Matthias Michalka’s essay outlines the key themes posed by The Casting, seeing them through a triad of subjectivity, representation and history of the gaze. This begins by exploring such themes as construction of effect of continuity and use of tableau vivant, but is more interested in going beyond debates over truth and fiction to an acknowledgement of the psychic reality of repression, desire and pleasure within which both are contained. In the e-mail exchange with Sven Lütticken, meanwhile, Fast suggests that his recent works – such as De Grote Boodschap – have seen a shift in his work from a pull back towards an original speaker to situations where multiple speaking parts unfold over time. Although his work is often seen as concerned with systems and forms of representation, Fast concludes the exchange by seeing his work more in terms of repeated explorations of the sensuous body:
To paraphrase, I think this sensuousness has a lot to do with the body’s potential to defy the clock and other systems of super-imposed (self-imposed) order. Sure enough, the body appears as a recording, storage, and playback device for experience. Like any device though, it is bound to malfunction, to rebel, to freeze, to break down, and send mixed messages. In as much as there’s subversion in this, it is in pitting the body against order, against time, against any system we make up, with force and with pleasure… (41)
The 75-page “A Storyboard Made After the Fact” bridges languages and functions as hinge between the double cover of front and back screen. The title reflects some of the ambiguity of The Casting: is the installation itself the fact that this storyboard follows, or is the fact some original event or story told to Fast by American soldiers. Is “made after” a simple statement of chronology, or is it to be read as indicating a work “in the style or manner of.” What is achieved is less a catalogue of an installation, than a re-telling and exploring of the work’s stories, processes and structures through still image, text, and an acute awareness of the effects in time and space of a sequence of pages and the process of reading them. Although more modest in scale, the awareness of these issues and the solutions found reminded me of Hannah Collins’ Finding, Transmitting, Receiving.

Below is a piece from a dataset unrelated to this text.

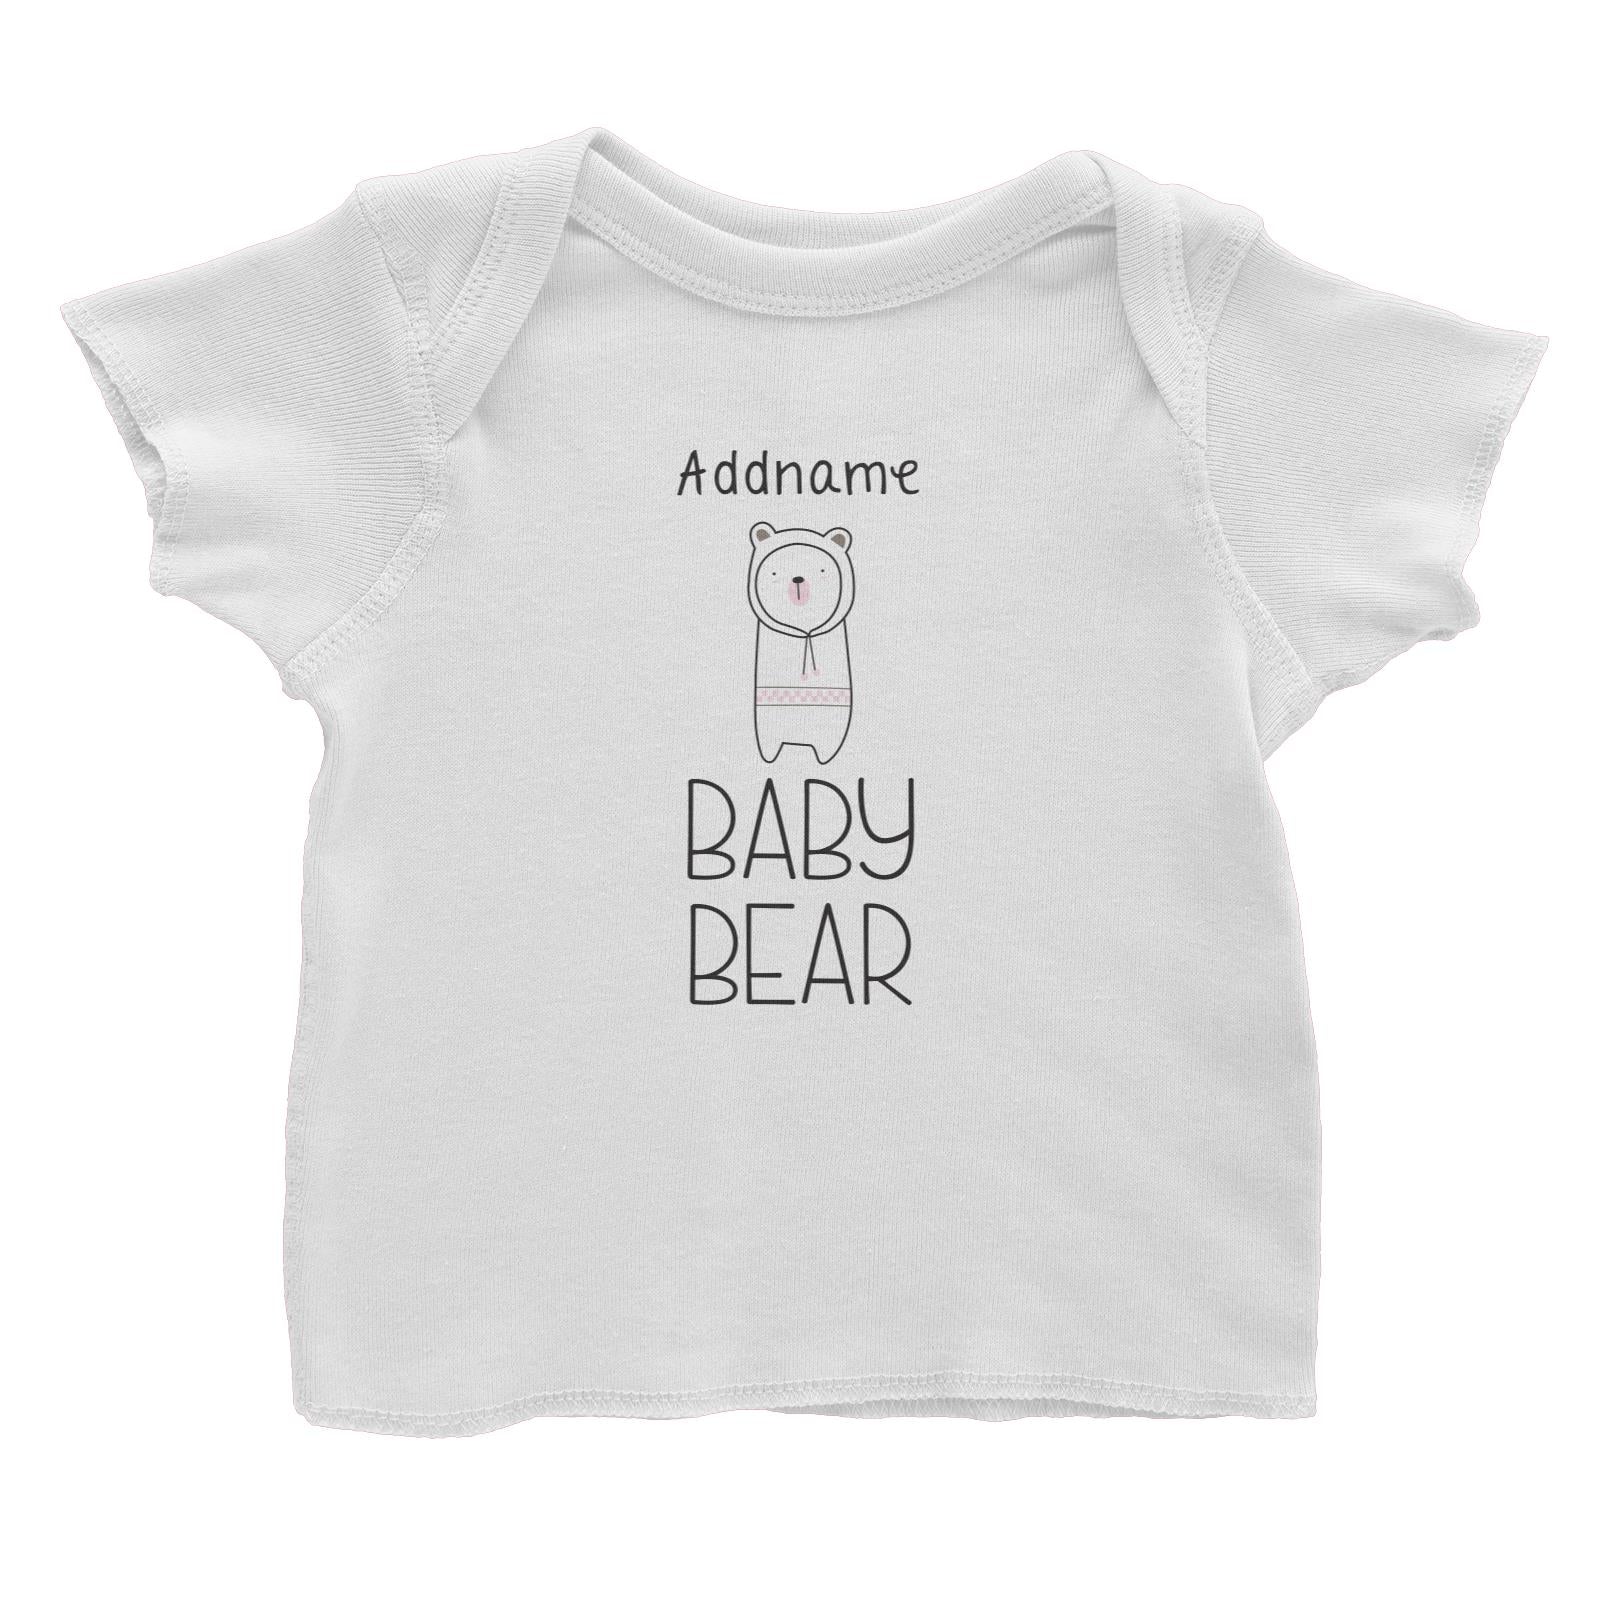 Cute Animals and Friends Series 2 Bear Addname Baby Bear Baby T-Shirt

Not having seen the installation, it is impossible to say what specifically the storyboard – and re-conceptualising the project as bookwork – emphasises or edits. The film of The Casting explores the tableau vivant in tension with the subjects' tendencies to shift and twitch within the films durational pull. In book form the consequences of this freezing can be explored in a more refined way, highlighting the power of disparate elements to be perceived to cohere by virtue of sequencing alone. It also focuses on the gaze between participants, with relationships becoming solely expressed as frozen gestures of sitting, watching and asking. Throughout the storyboard there is a constant shift from images where artist and actor gaze at each other to those where they look directly at the camera and at the implicated reader. It is a tribute to Fast and Raeder that this implicating is evidenced in many ways by this excellent publication.